The Bradforth Group expands the use of Liquid Jet Photoelectron Spectroscopy
An emerging spectroscopic methodology, liquid jet photoemission has only been applied previously to water and low volatility solvents. While liquid jet photoelectron spectroscopy (LJ-PES) probes just ten nanometers or less below the surface of a liquid jet, the technique still provides a great deal of information about the solutes at the vacuum-liquid interface as well as the bulk of a given solution. Its potential to examine intermediates in synthetic mechanisms therefore demands learning how to use it for a wider range of solvents. The Bradforth Group has been the first to use this technique with the solvent tetrahydrofuran (THF) in vacuo. The group set out to investigate the electronic structure of aromatic radical anions in the solution phase. They were then able to gain a greater understanding of the stabilization of these anions through analysis of LJ-PES measurements. The group and their collaborators have described their research in a paper published in the March 2024 issue of the Journal of the American Chemical Society and were featured on the JACS cover. Their findings are relevant to the Birch reduction process, a fundamental reaction in organic chemistry that is used to convert arenes to cyclodienes, as they contribute to optimizing conditions for an industrial process used to create products such as pharmaceutical drugs and perfumes. Ethereal and ammoniacal solvents (such as THF and ammonia, respectively) are the only solvents known to support Birch reduction chemistry. The group has previously succeeded in carrying out LJ-PES in liquid ammonia.

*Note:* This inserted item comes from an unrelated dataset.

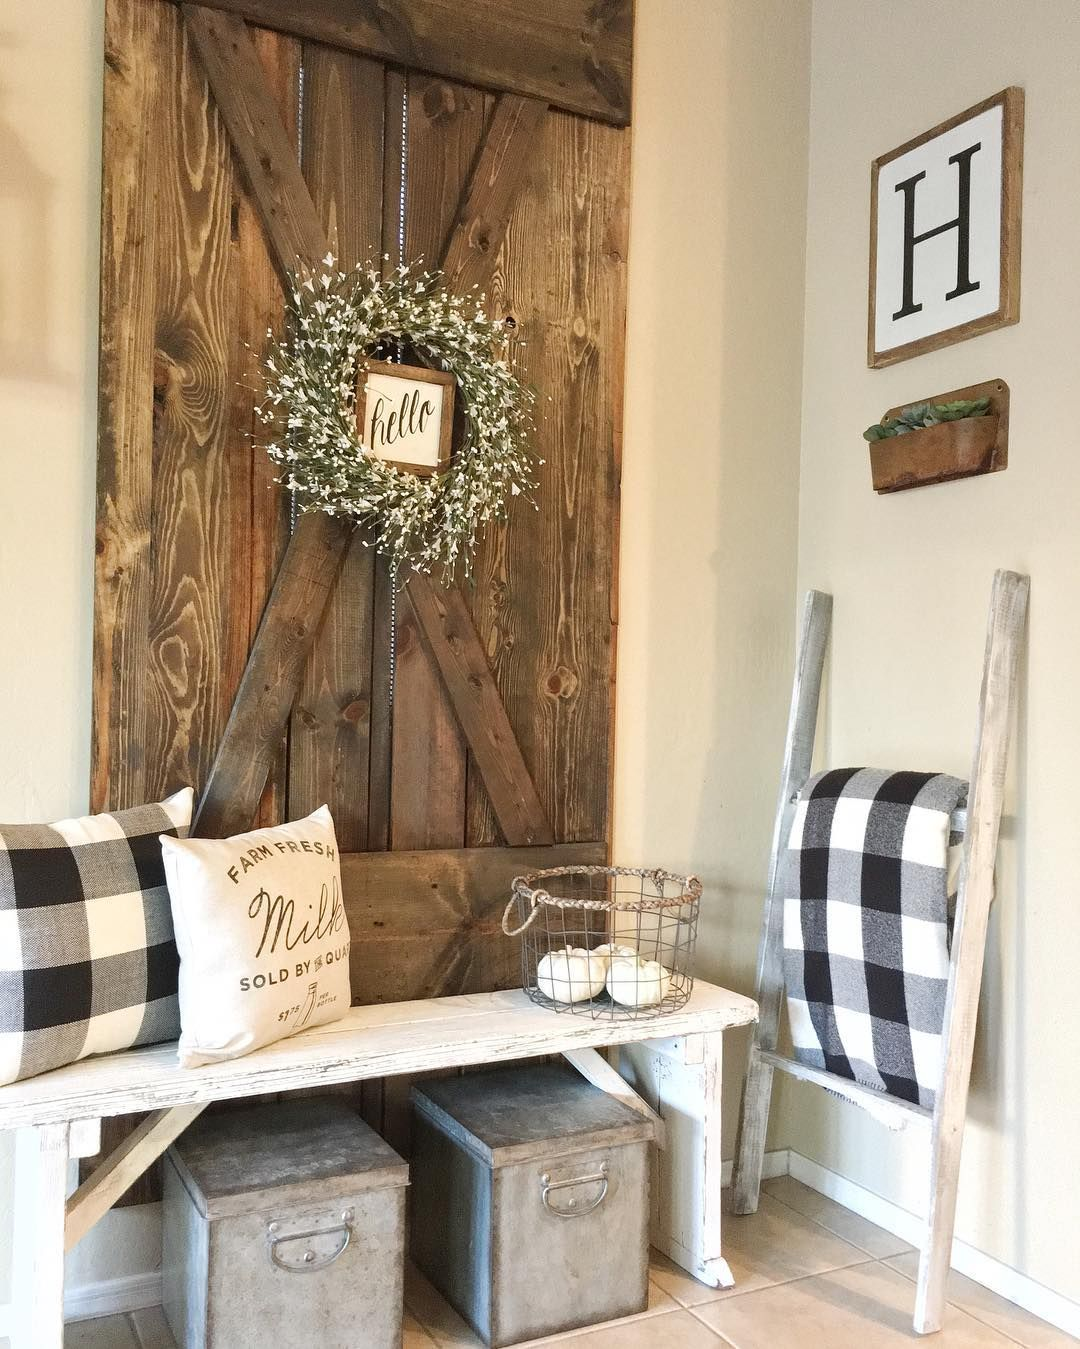 30 Wall Decor Ideas For Your Home: Jaci Hodge (@shabbydesertnest) • Instagram Photos And

At the tail end of the COVID-19 pandemic, Prof. Stephen Bradforth traveled to Berlin to perform the first round of measurements at the BESSY II electron storage ring at Helmholtz-Zentrum Berlin (HZB) für Materialien und Energie. The next phase of experimentation was done by Brandon Young, a PhD student in Chemistry at USC, and was conducted at the Fritz-Haber Institute (FHI) of the Max-Planck Society to extend the measurements and demonstrate reproducibility on a different instrument. The experimental team included senior researchers Christian Schewe and Pavel Jungwirth of the Institute of Organic Chemistry and Biochemistry-Prague (IOCB-Prague), former USC postdoc and HZB-Berlin staff scientist Robert Seidel, and longtime group collaborator Bernd Winter of FHI. According to Bradforth, “The advantage of photoelectron spectroscopy is that the measurements directly read out the frontier orbital energies for two reaction intermediate radical anions within the environment used for synthetic chemistry.” Quantum chemical calculations from IOCB-Prague doctoral students Tatiana Nemirovich and Krystof Brezina were used to assign the data and understand where the excess charge lies in the naphthalene and benzophenone radical anions. Through comparison of relative vacuum ionization energies with values from cyclic voltammetry (CV), the researchers could quantify the chemical stability of the two radical anions. An important advance in the work was in LJ-PES calibration by introducing a bias to the liquid jet so that the precision of the reduction potentials found through LJ-PES are now comparable to the electrochemistry “gold standard” of CV.
Brandon Young explains that the study raises interesting questions about breaking aromaticity. One experiment included in this research allowed him and his colleagues to “press pause” before a proton is added during the conversion of naphthalene to its hydrogenated form in liquid THF. In doing so, they were able gain more insight into the stabilization process of the radical anion intermediate, which is the first step of this conversion. “The question becomes: why would the neutral aromatic naphthalene go from being a very happy and stable aromatic ring to accepting an electron and breaking its aromaticity in the first place?” They concluded that the Birch reaction is optimized by the electrostatic environment provided by the solvent along with the positioning of the counter cation occuring in either an amine-containing solvent or an ethereal one. “The better we understand the Birch reaction in these larger aromatics, the closer we get to studying the simplest aromatic anion, benzene,” Young added. In the meantime, their lab will continue working towards the goals of observing a textbook example of the benzene radical anion by stabilizing it in the liquid phase and applying LJ-PES to more solvents that support chemical synthesis.